First question is.... While in my infancy is it worth me buying decent blades or should I buy a bunch of cheap toot from Amazon to practice on? Money is very tight for us at the mo, and I appreciate breakages are going to be unavoidable, so I'm hoping it's the latter. I'm aiming to start playing around with 1/4" ply, nothing too challenging. Any and all advice great fully received. Thank you, gents.

Edit - and is there such a thing as a universal foot peddle, and would my machine take it?


----------



## Chippygeoff (16 Nov 2014)

Welcome to the forum Jamie. There are a lot of very experinced people on here who will give you loads of helpful advice, all you have to do is ask. My advice concerning blades is firstly not to use the ones that came with the machine and not to buy cheap blades from e-bay or Amazon. The reason I say this is that you are a beginner and using inferior blades could put you off as they will not perform as well as the better blades. If you contact Hegner or Hobbies you can buy some Niqua blades quite cheaply, a dozen of 2 or 3 sizes will keep you going for a while. As your just starting I would get some number 5 and number 7 reverse toothed blades. You can use the bigger blades for thicker wood and cutting out the outside shape and you can use the number 5 blades for internal or more intricate cuts. A foot pedal is a big advantage once you have used one you will wonder how you managed withoiut one, it means you can keep both hands on the work piece without having to take a hand off to swith the saw on and off. I could not be without mine. I hope this helps. some of the other lads will be along shortly with more advice but any problems or questions then just ask away. A word of warning though, scrolling is very addictive.


----------



## jamiecrawford (16 Nov 2014)

Thanks for the welcome, Geoff, and the advice. I'm really looking forward to getting hooked!


----------



## Bryan Bennett (16 Nov 2014)

Hi welcome aboard,you are just starting on a wonderful journey that some of us have enjoyed for many a year.When I started there was no internet and we learned as we went along.Geoff has said enough for you to start off,and who I ask frequently for help,and receive it very quickly. :roll: Just relax start learning and enjoy. :wink: 

Bryan


----------



## Claymore (16 Nov 2014)

...........


----------



## jamiecrawford (16 Nov 2014)

Again, thanks for the welcome, guys. I've looked for Hobbies blades, and there's a deal on eBay for 144 blades, numbers 3,4,5 and 6, for twenty quid, free p+p. Does that sound about right? This is from the Hobbies UK eBay shop.


----------



## Chippygeoff (17 Nov 2014)

Hi Jamie. The blades you are looking at on e-bay are incredibly cheap. I pay more than £20 for a gross of blades. I would be very wary of that deal. Does it say who the seller is, I know that hobbies sell blades on e-bay so if the seller is Hobbies then you will have no problem. I assume they are Niqua blades. A lot of people have bought blades from e-bay and have been disappointed, they may be seconds.


----------



## ChrisR (17 Nov 2014)

Hi Jamie.

Welcome to the forum, in the previous posts you have been given good sound advice, so no need to go over the same ground.

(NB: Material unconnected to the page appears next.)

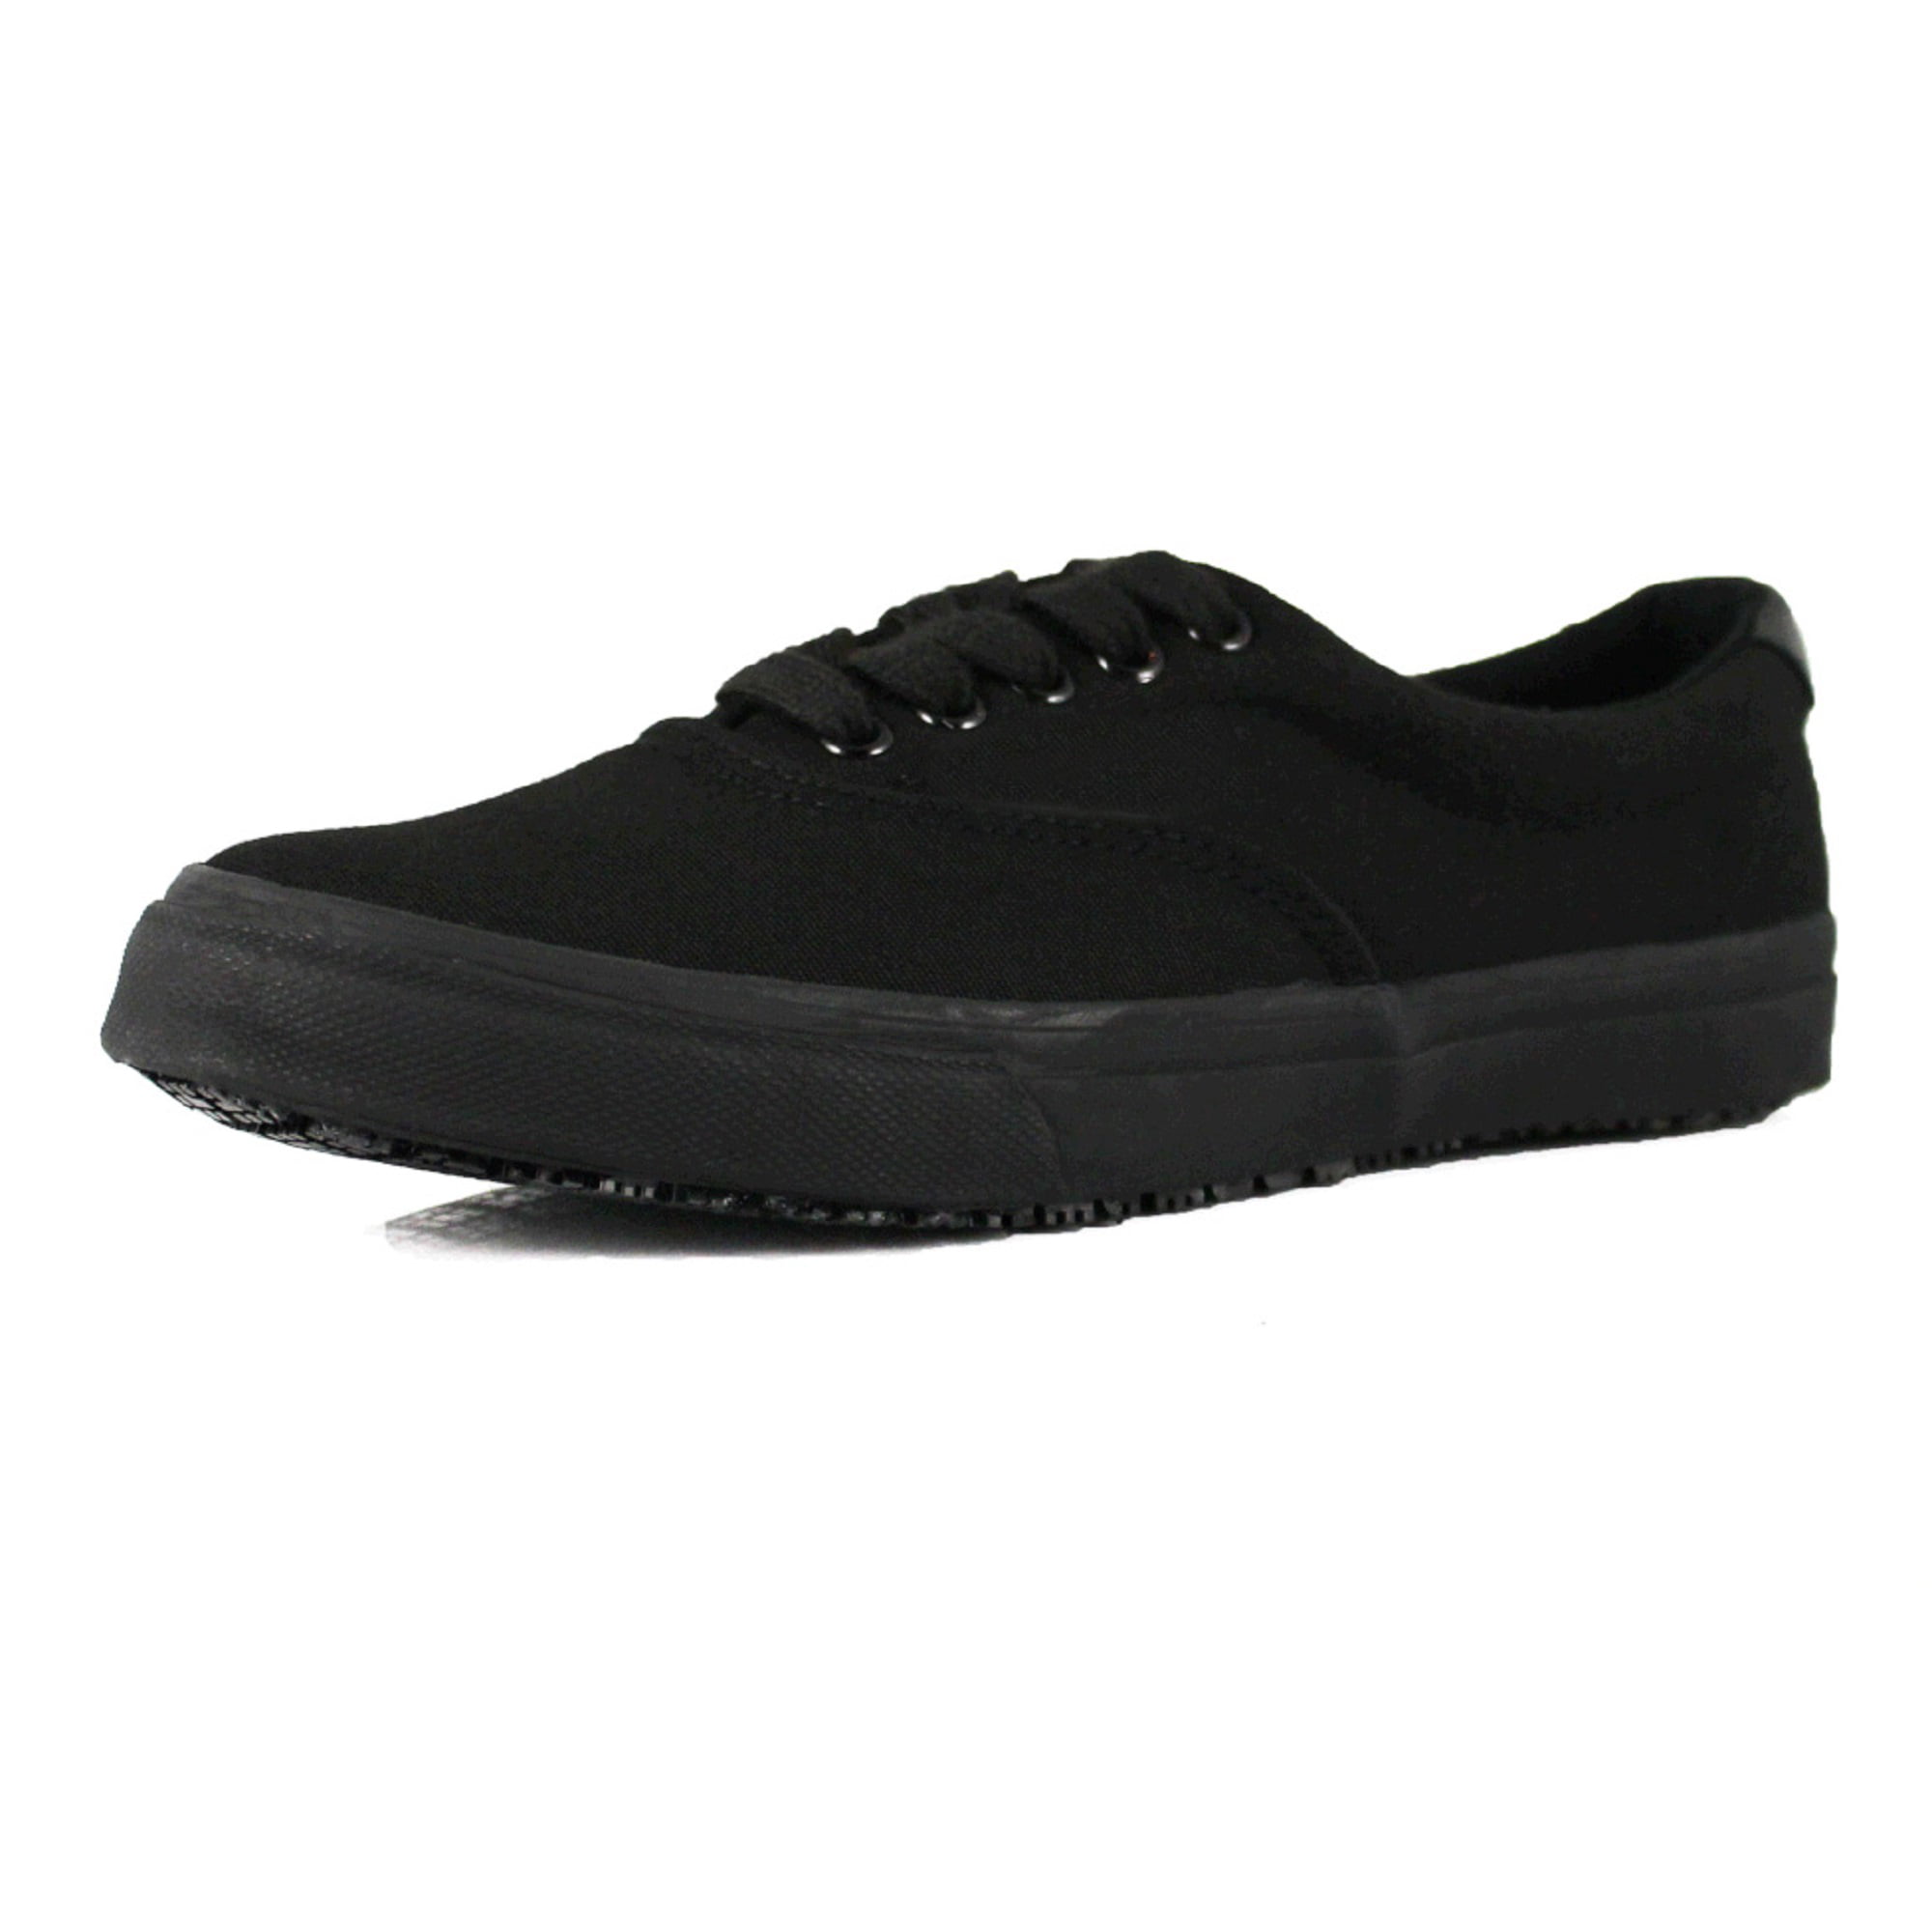 black water resistant shoes

You say that you have watched way too many YouTube videos, I don’t think you can watch too many, because in the main they give good instruction with a few not so good, and that’s being very polite.

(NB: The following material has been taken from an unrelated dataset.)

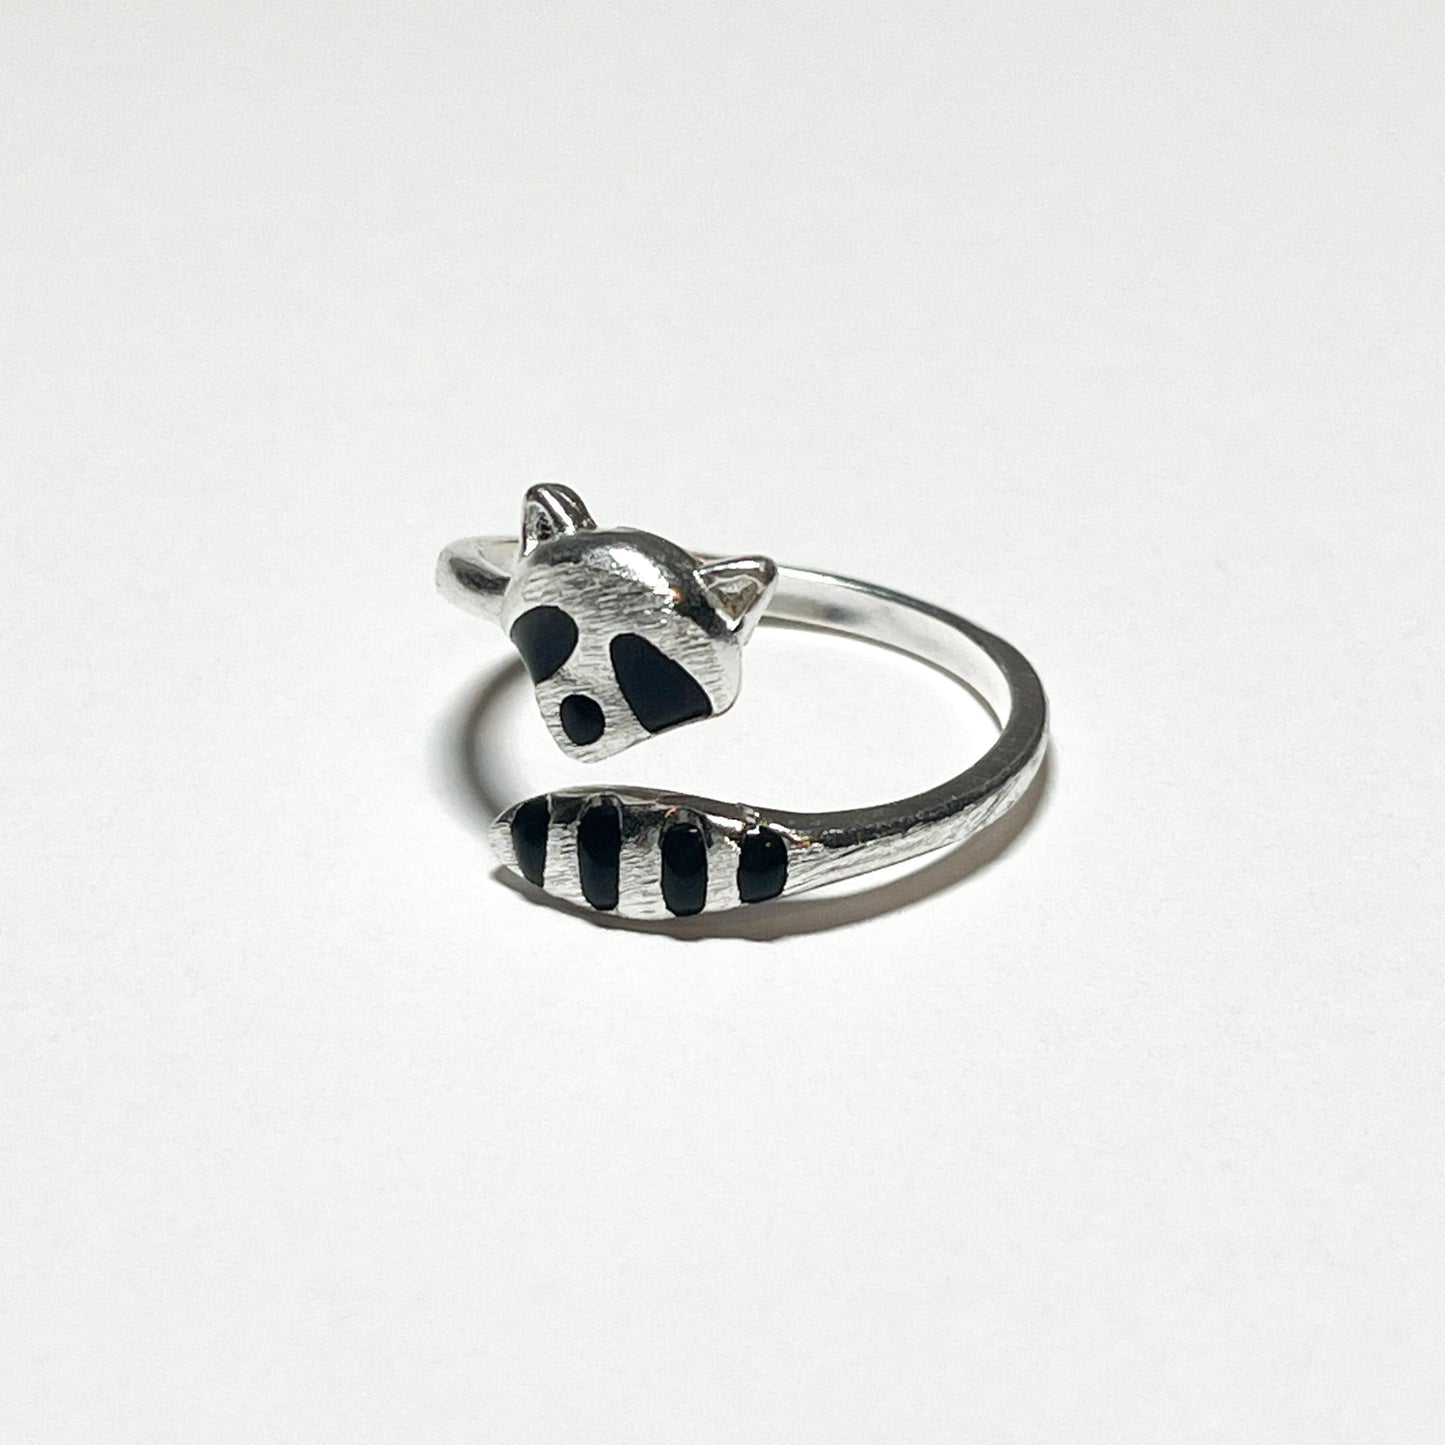 An adjustable silver ring of a raccoon

The one thing to be aware of is that some of these videos are played at, x1.5 or x2 speed which gives a false indication of how fast it is possible to work with a scroll saw.

Take care.

Chris R.


----------



## jamiecrawford (17 Nov 2014)

Here's the link, Geoff, seems like their legit outlet, and it is indeed Niqua blades. 

http://www.ebay.co.uk/itm/144-Medium-Gr ... 27e77b721e

Cheers Chris, are there any scrollers on YouTube that you'd advise watching?


----------



## Chippygeoff (17 Nov 2014)

Hi Jamie. I had a look at the link you gave and indeed they are genuine Niqua blades but it does say of MEDIUM QUALITY. I don't know if I am right but it sounds as if these could be seconds. It may pay you to give them a ring or send them an e-mail and ask if they are indeed seconds. They are far to cheap to be the normal quality one would associate with Hobbies. I have always had good service from them.

I would add that most suppliers of scroll saws and scroll saw accessories buy the stuff in that they sell, often from the Far East, then it is stored and sent out as orders come in so from when it was made on the production line it never sees daylight until you open up what you have bought. As the blades you have seen are in Hobbies own packaging I would assume they package the blades themselves from a huge stock.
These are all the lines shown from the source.